EXERCISE GOAL: All the lines below need retyping exactly, apart from the images.

DATA SECTION:
Segment Open

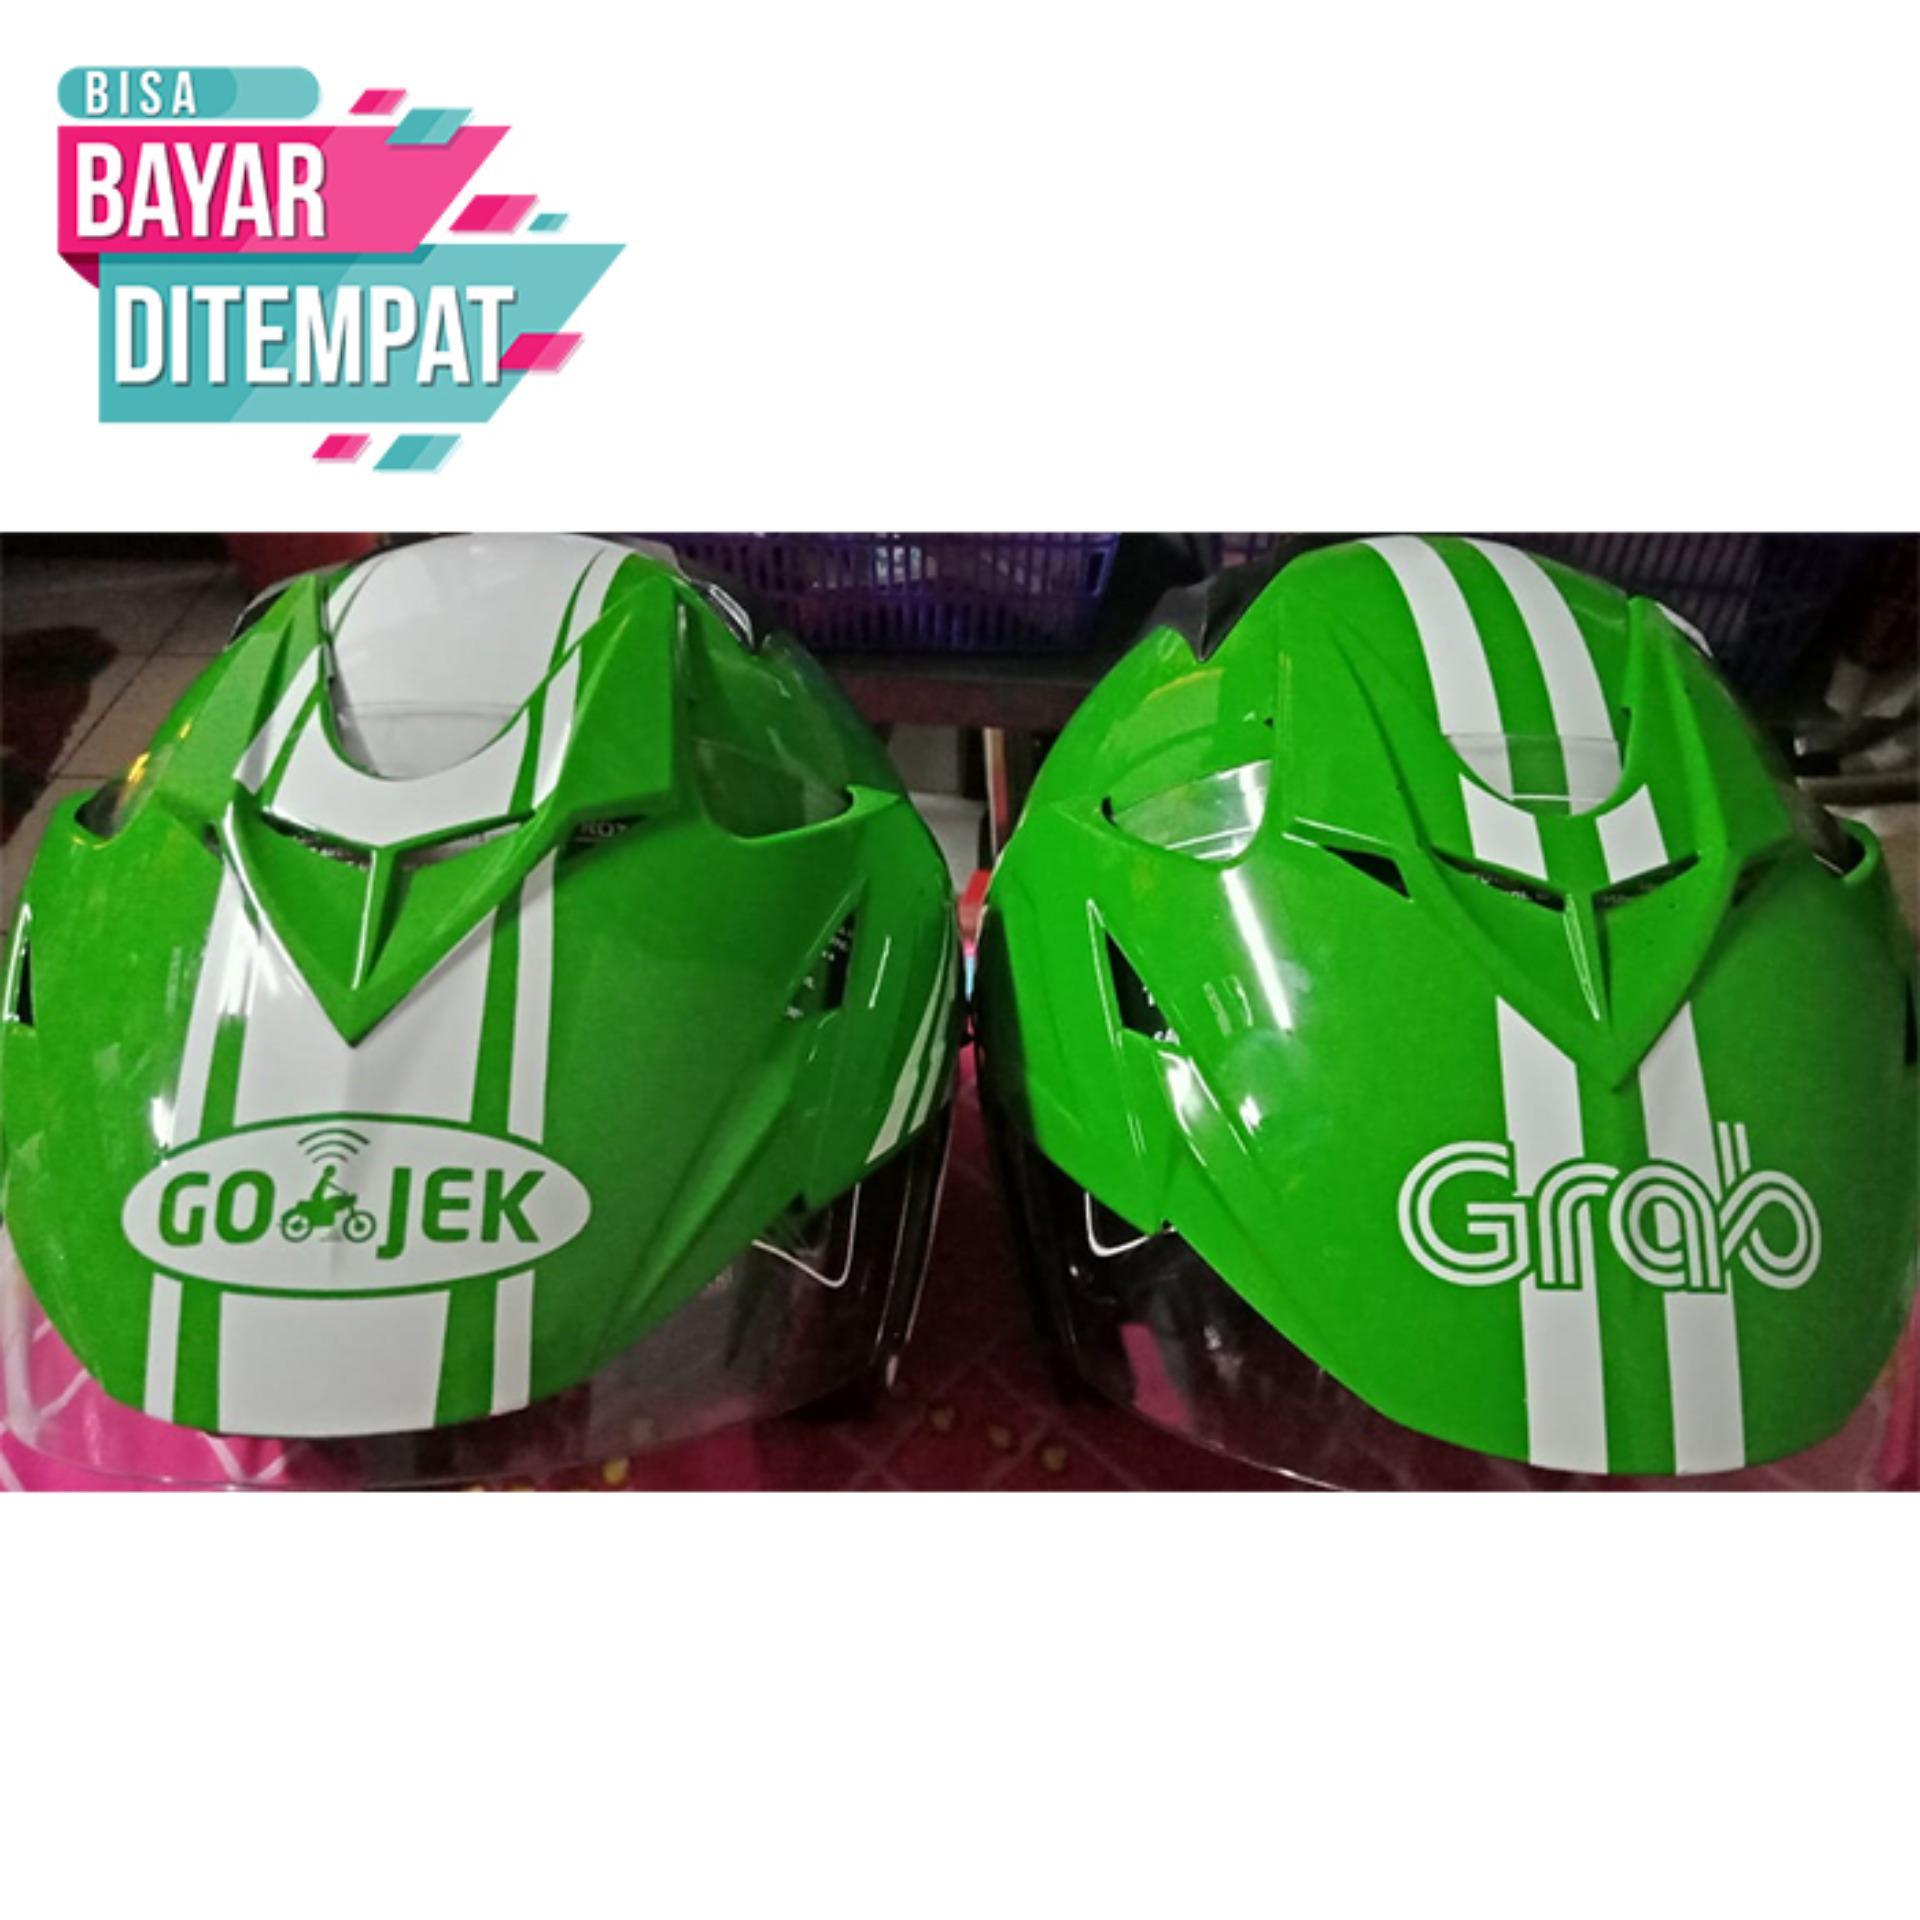 [Promo Best Seller] Helm Dewasa Ojek Online - GRAB Promo Kualitas Setara Helm KYT INK GM WTO MSR BMC NHK
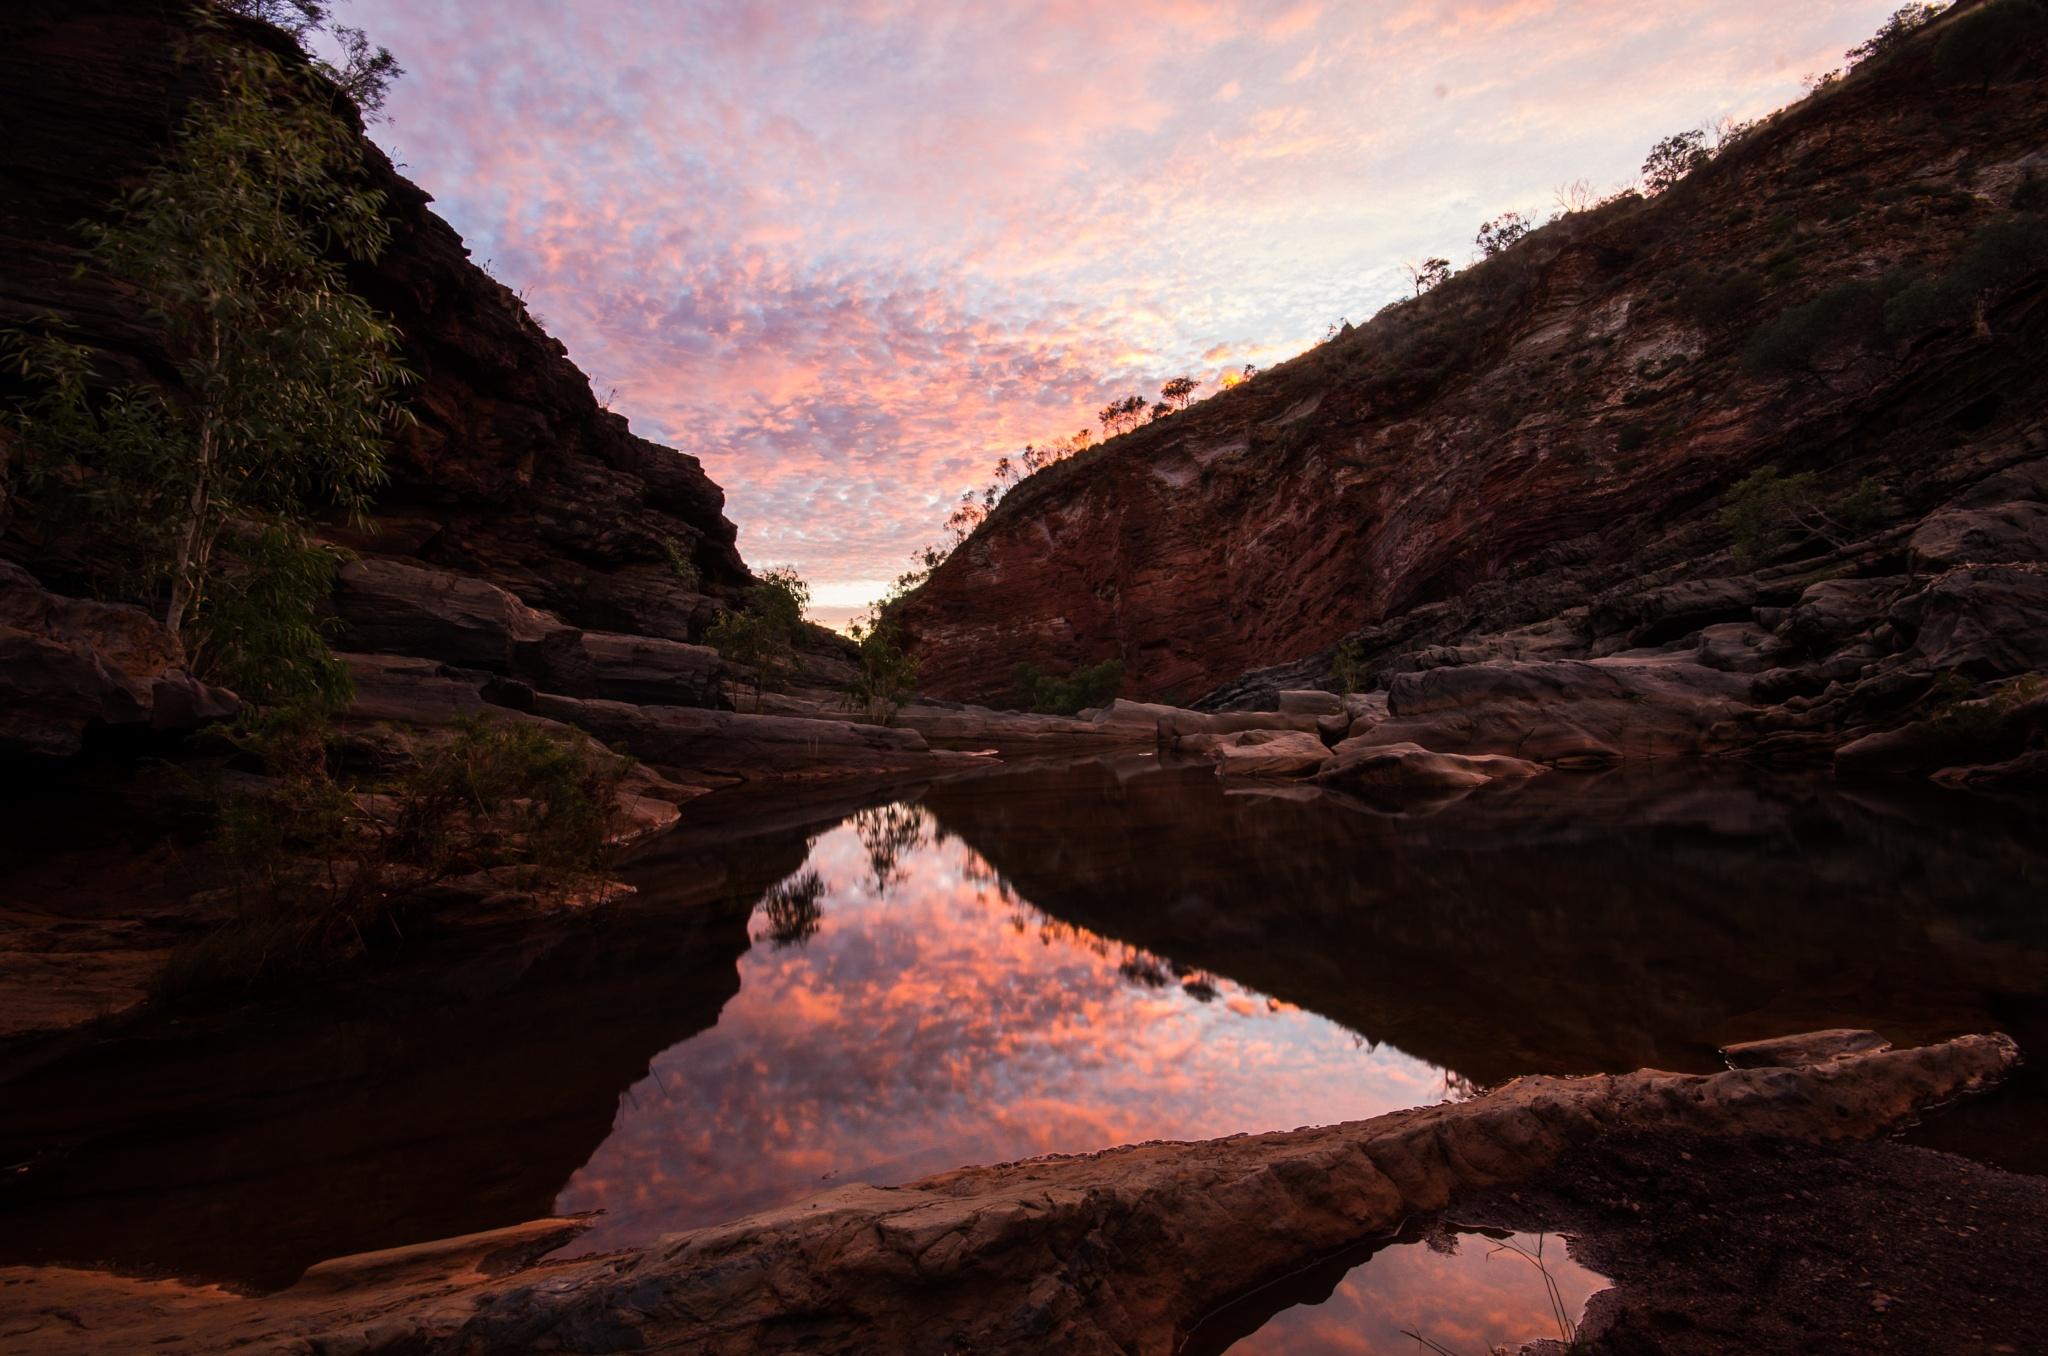 Sunrise reflection by Claudio Lo Cascio
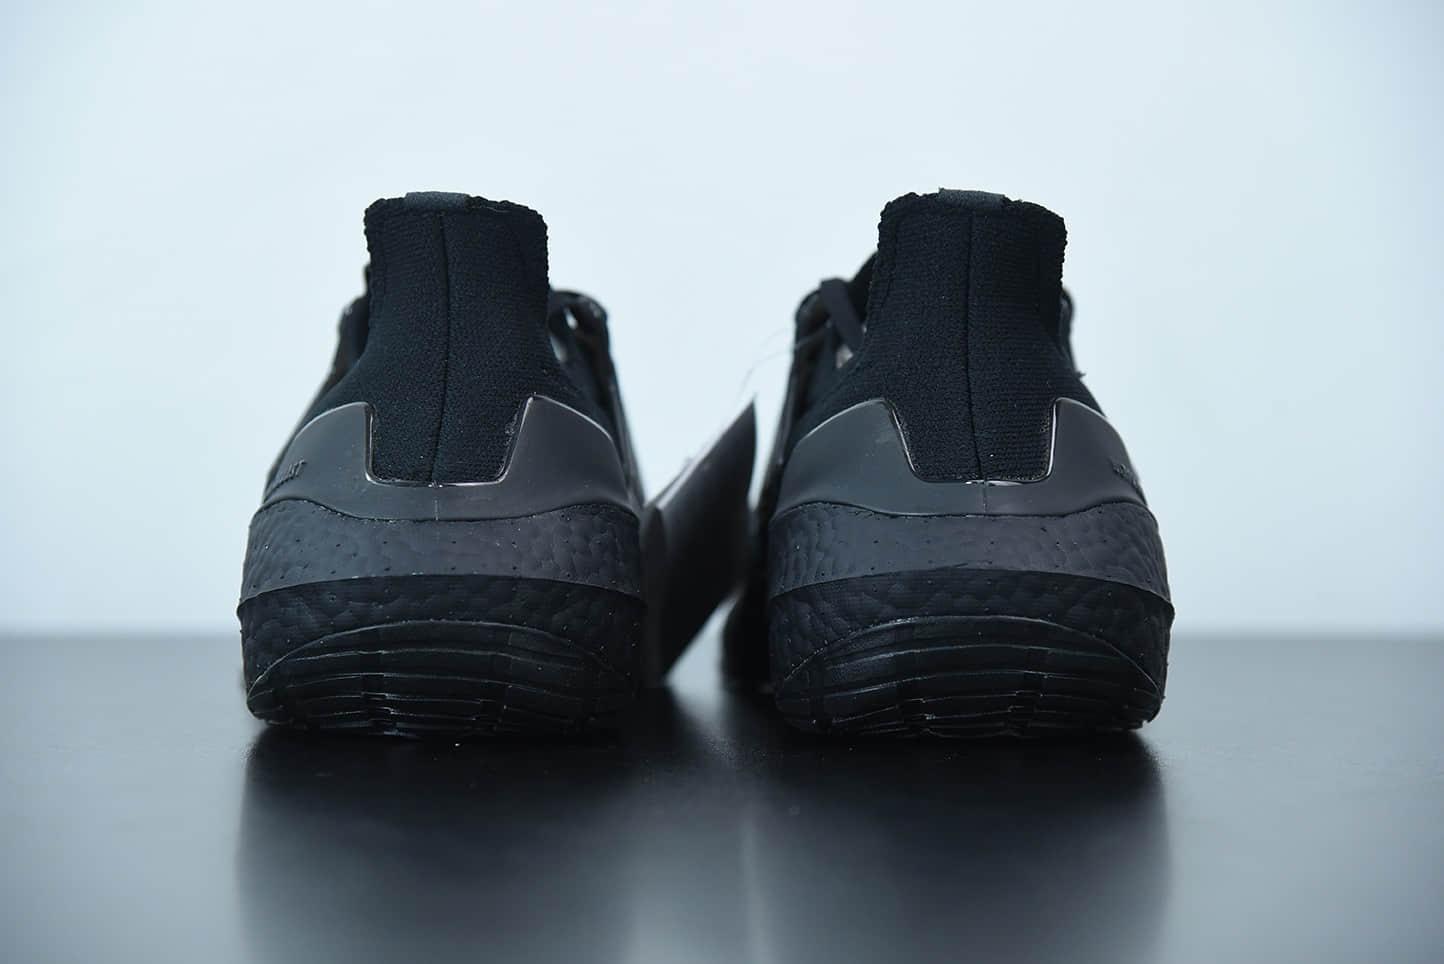 阿迪达斯 Adidas ultra boost 2021系列黑色配色袜套式针织鞋面休闲运动慢跑鞋纯原版本 货号:FY0306

Segment Closed

RESULT:
 [Promo Best Seller] Helm Dewasa Ojek Online - GRAB Promo Kualitas Setara Helm KYT INK GM WTO MSR BMC NHK
 Sunrise reflection by Claudio Lo Cascio
 阿迪达斯 Adidas ultra boost 2021系列黑色配色袜套式针织鞋面休闲运动慢跑鞋纯原版本 货号:FY0306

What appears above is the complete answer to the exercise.